Wednesday, April 3, 2013

Daily Old Testament and Early Christian Writings: Exodus 22 and The Didache 10

Exodus 22 – More laws are presented that give us a perspective on how the Mosaic law dealt with morally complex cases: thefts of animals by those who can pay fines and by those who can’t; cattle that “wander” away from grazing lands and into crop-lands where they do damage to others; fires that are started for proper reasons but that get out of control; injuries to animals in the custody of people who are not their owners; seduction of virgin girls who are engaged to someone and those who are not engaged; sorcery practiced by women – especially worrisome, I guess; cases of bestiality; mistreatment of sojourners, widows, orphans; money lending; cursing leaders and speaking evil of God; etc.

One of the crimes mentioned caught my interest – “If a thief is caught breaking into a house at night and is killed, the one who killed him is not guilty of murder. But if it happens during the day, he is guilty of murder” (22:4).

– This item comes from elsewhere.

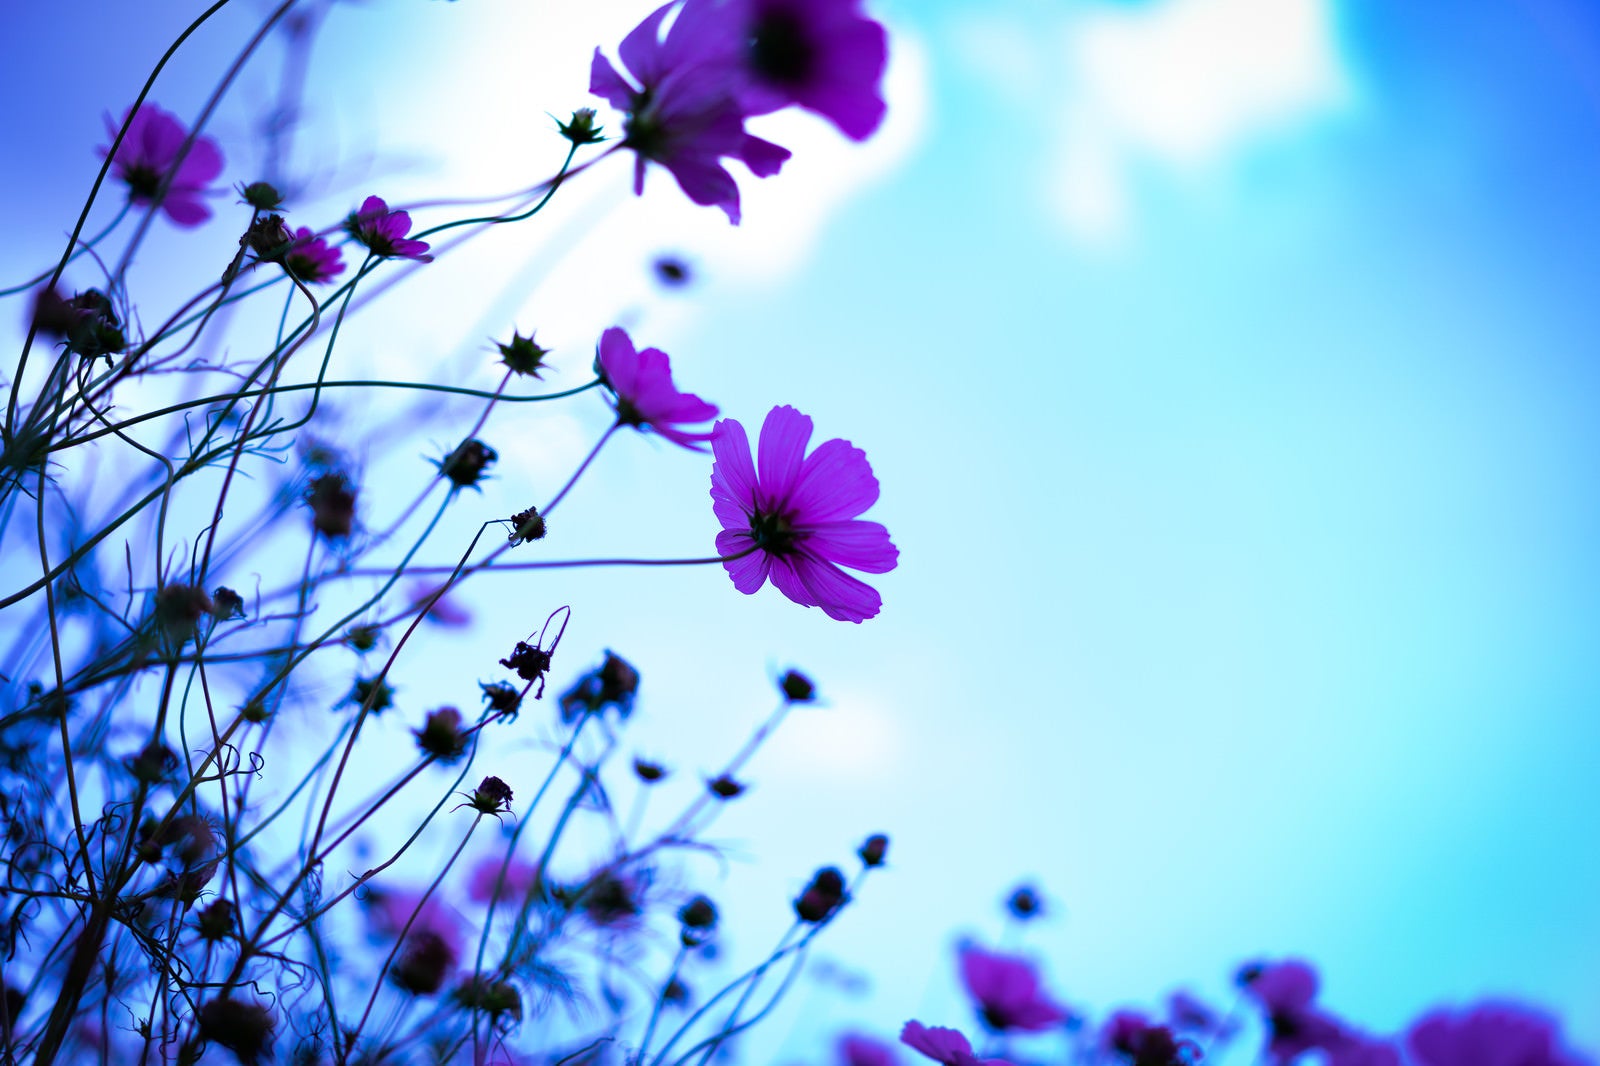 「青空に浮かぶコスモスの花」の写真
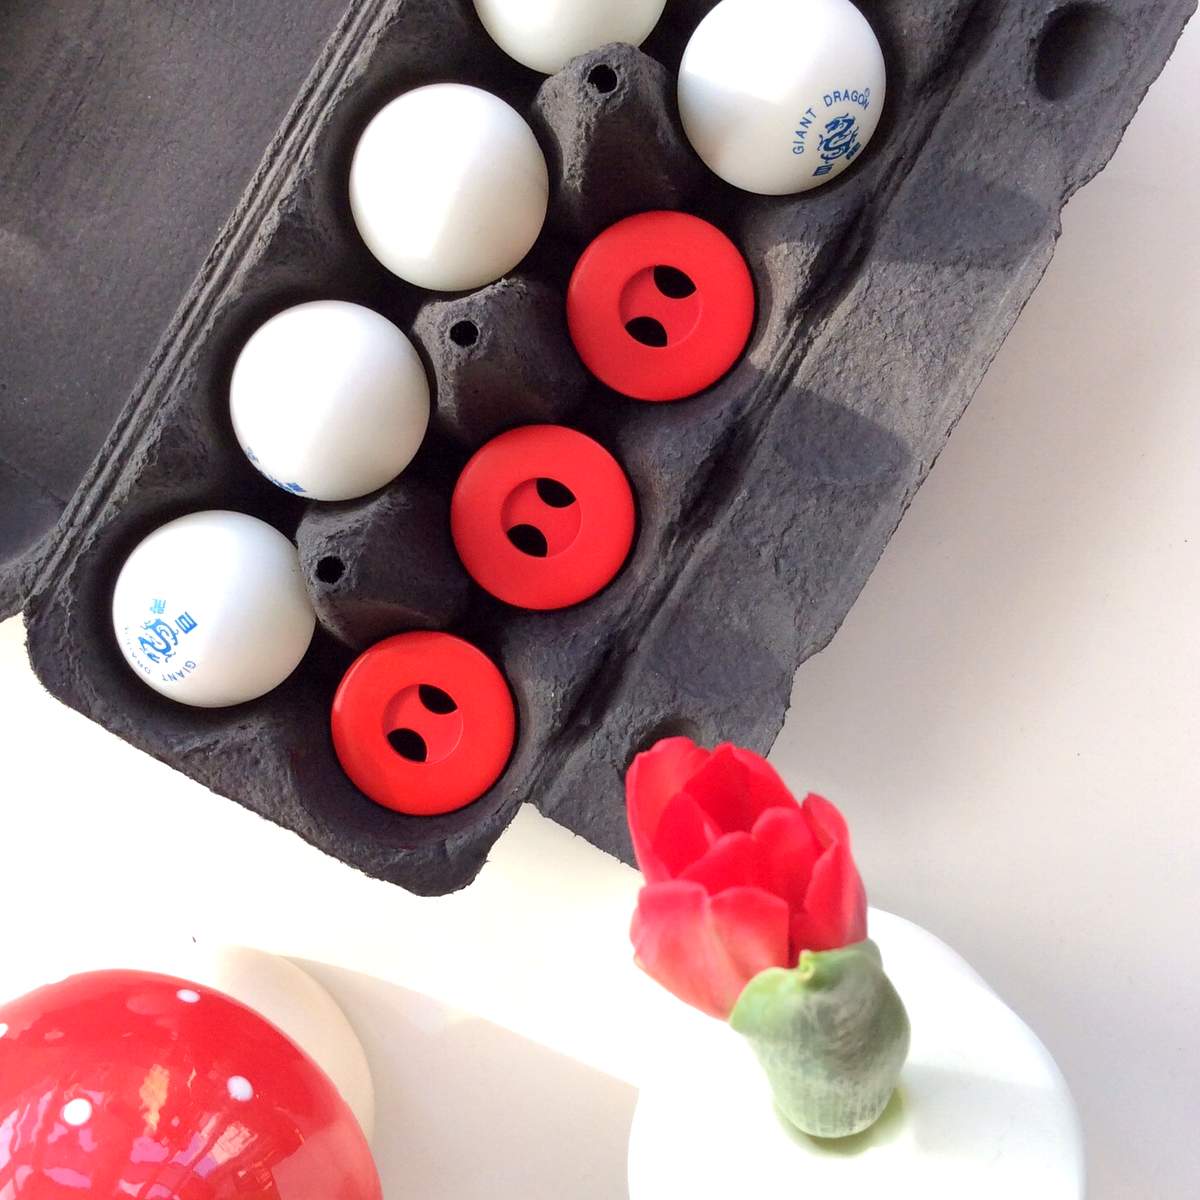 Knopfkiste - großer roter Knopf aus Kunststoff im Eierkarton mit Tulpe und Fliegenpilz

It reminded me of the Florida case in the early to mid-2000s where a man who shot an invader of his home was convicted of murder or manslaughter because the law at that time forbade people from using deadly force unless the invader had a weapon. I think the case angered people and had a role in passage of the now controversial “Stand Your Ground” law that is involved in the case of Trayvon Martin. I can’t find the case, but it deals with some of the very complicated legal situations that can arise – similar to the ones described in Exodus.

The Didache
Eucharist (Continued)
10 – When everyone has partaken of the Eucharist, “give thanks in these words: ‘Thanks be to thee, holy Father, for thy sacred Name which thou has caused to dwell in our hearts, and for the knowledge and faith and immortality which thou has revealed to us through thy servant Jesus.’

‘Glory be to thee for ever and ever.’

‘Thou, O Almighty Lord, has created all things for thine own Name’s sake; to all men thou has given meat and drink to enjoy, that they may give thanks to thee, but to us thou hast graciously given spiritual meat and drink, together with life eternal, through they Servant. Especially, and above all, do we give thanks to thee for the mightiness of thy power.’

‘Glory be to thee for ever and ever.’

‘Be mindful of thy Church, O Lord; deliver it from all evil, perfect it in thy love, sanctify it, and gather it from the four winds into the kingdom which thou has prepared for it.

‘Thine is the power and the glory for ever and ever.’

‘Let Grace [Christ] come, and this present world pass away.

‘Hosanna to the God of David.’

‘Whosoever is holy, let him approach. Whoso is not, let him repent.’

‘Marantha [Our Lord, Come]. Amen.’

(Prophets, however, should be free to give thanks as they please.) (195)

Again, I have included the entire section, because it is so formally presented as the very words that must be spoken. It is also interesting the freedom they give to “prophets.” The place of prophets will be presented in detail in the next sections.